Plaintiffs purchased one of defendants’ business units, which gave rise to several claims and counterclaims. After the Court issued its post-trial opinion, it requested submissions identifying any remaining legal issues to be decided before it submitted the remaining factual issues to a special master. The parties identified two: (i) which party owned certain equipment under the purchase agreement; and (ii) whether defendants could use certain payments it owed to plaintiffs to offset any damages awarded for its counterclaims.
With regard to the ownership of the equipment, which was in plaintiffs’ possession, defendants argued an oral agreement among the relevant principals negotiated in connection with the purchase agreement entitled defendants to the equipment. The Court held the alleged oral agreement could not alter the terms of the parties’ written agreement, which made no mention of the equipment, because it had an entireties clause. Likewise, the Court found that, even if it considered the oral agreement separate from the written agreement, defendants had failed to meet the burden of proof necessary to establish the existence of the oral agreement.

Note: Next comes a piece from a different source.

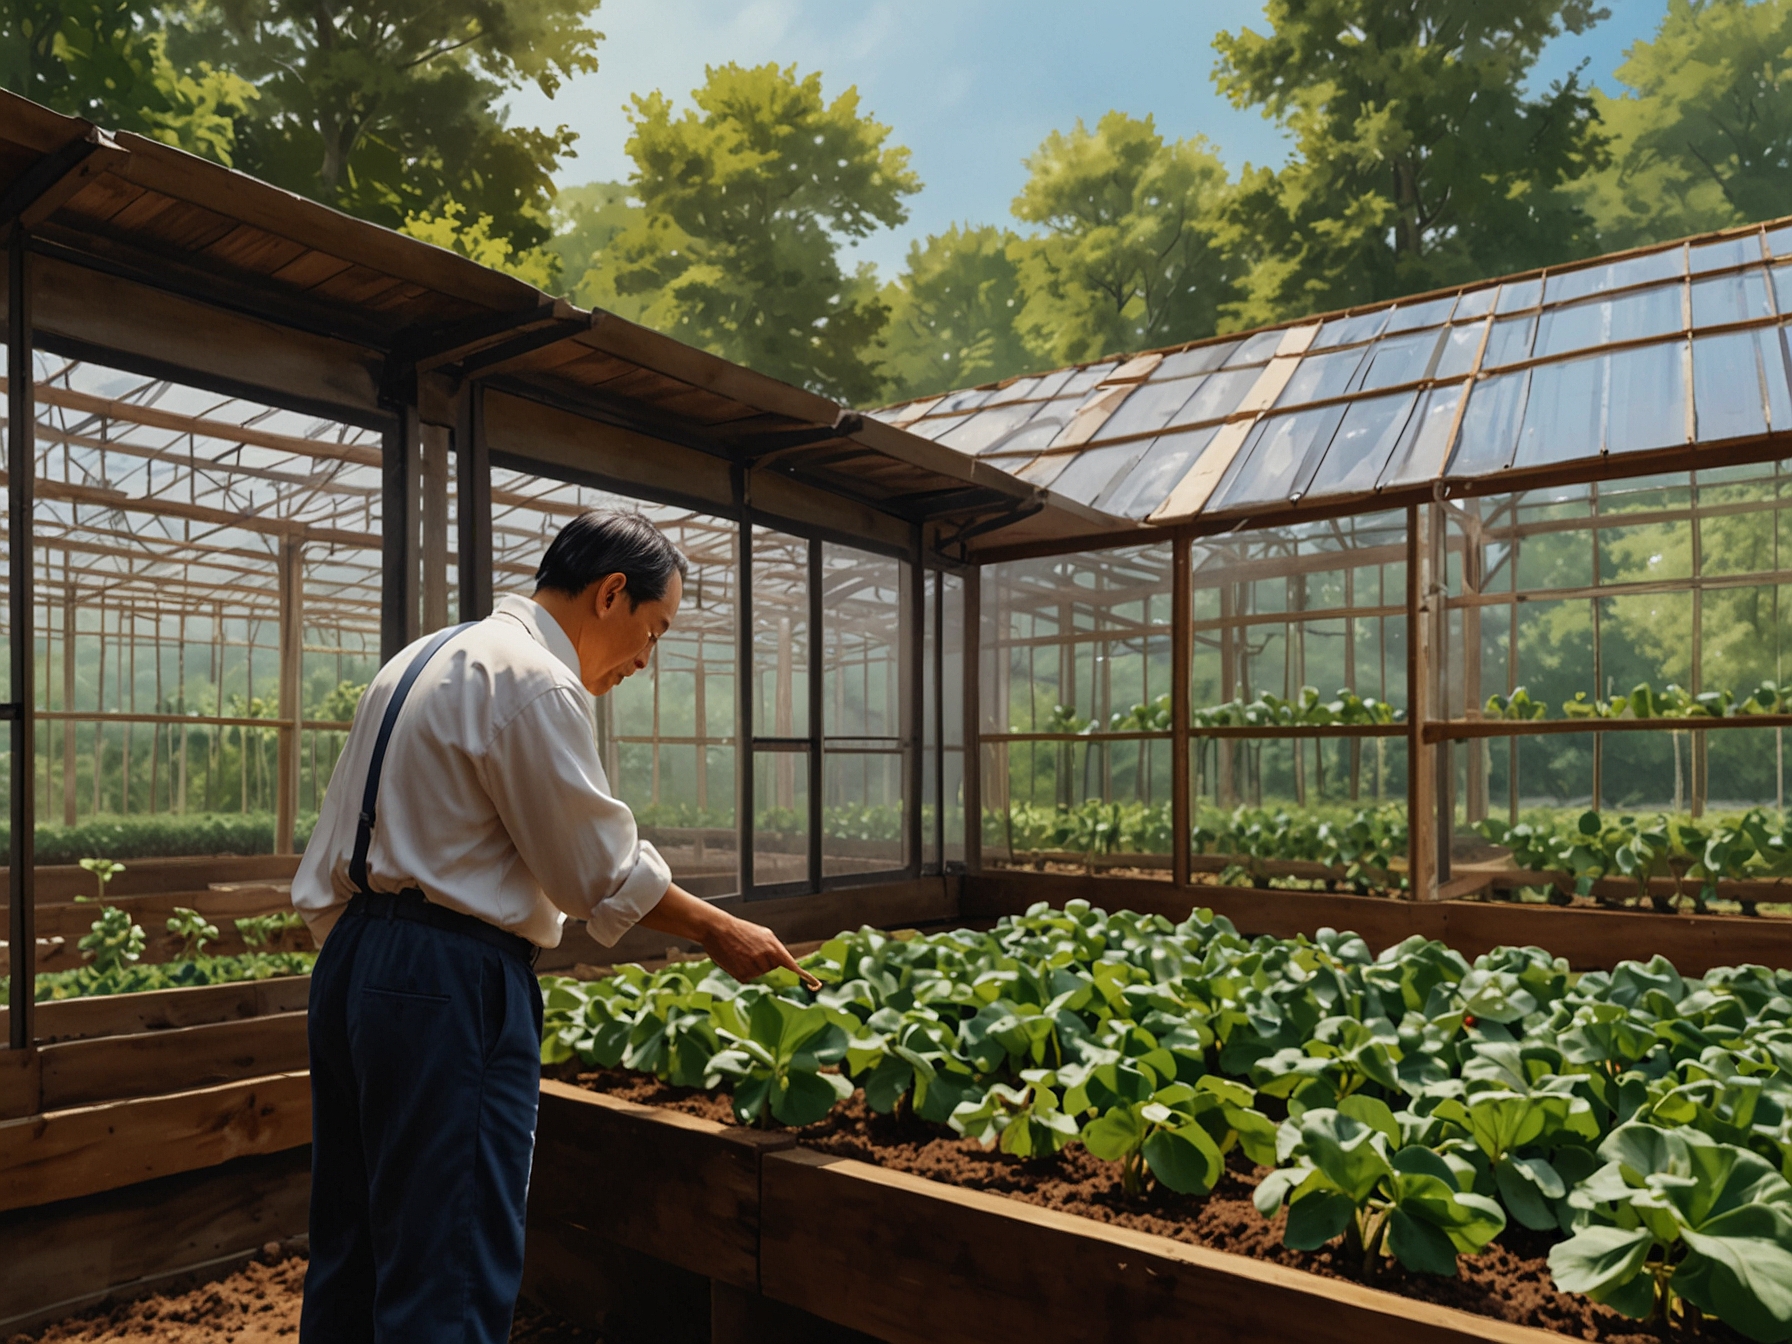 Toshihide Takase meticulously inspecting his Burgundy snail farm in Japan, showcasing the custom-built structures designed to regulate temperature and humidity for optimal snail growth.

As to the set-off claim, defendants argued they were entitled to withhold certain payments due plaintiffs to offset any damages awarded for their counterclaims. Plaintiffs disputed that claim and argued the contract governing the withheld payments did not permit set-off, that such a set-off was impermissible under Delaware law, and that testimony from defendants’ expert regarding set-off should be excluded. While finding that the contract governing the payments did not allow the parties to set off payments, the Court held that it and the purchase agreement needed to be read collectively to establish the parameters of the parties’ relationship. And, because the purchase agreement provided for set-off, the Court concluded that defendants could use the withheld payments to set off any damages award resulting from Defendants’ counterclaims. The Court also recognized that prior Delaware law indicated that a party had no right to set off a possible, unliquidated claim against one that was due and payable, but it found this law inapplicable because the parties had agreed to set-off by contract. Finally, the Court declined to exclude the testimony of defendants’ expert regarding set-off. It held first that, although expert testimony regarding the claim was useful, such testimony was not necessary and its exclusion would not preclude the claim. The Court explained that, even if that were not the case, it would not exclude the expert’s testimony because plaintiffs had not and could not identify any prejudice resulting from the testimony even though certain materials underlying the expert’s opinion had been produced after the date provided for in the applicable scheduling order.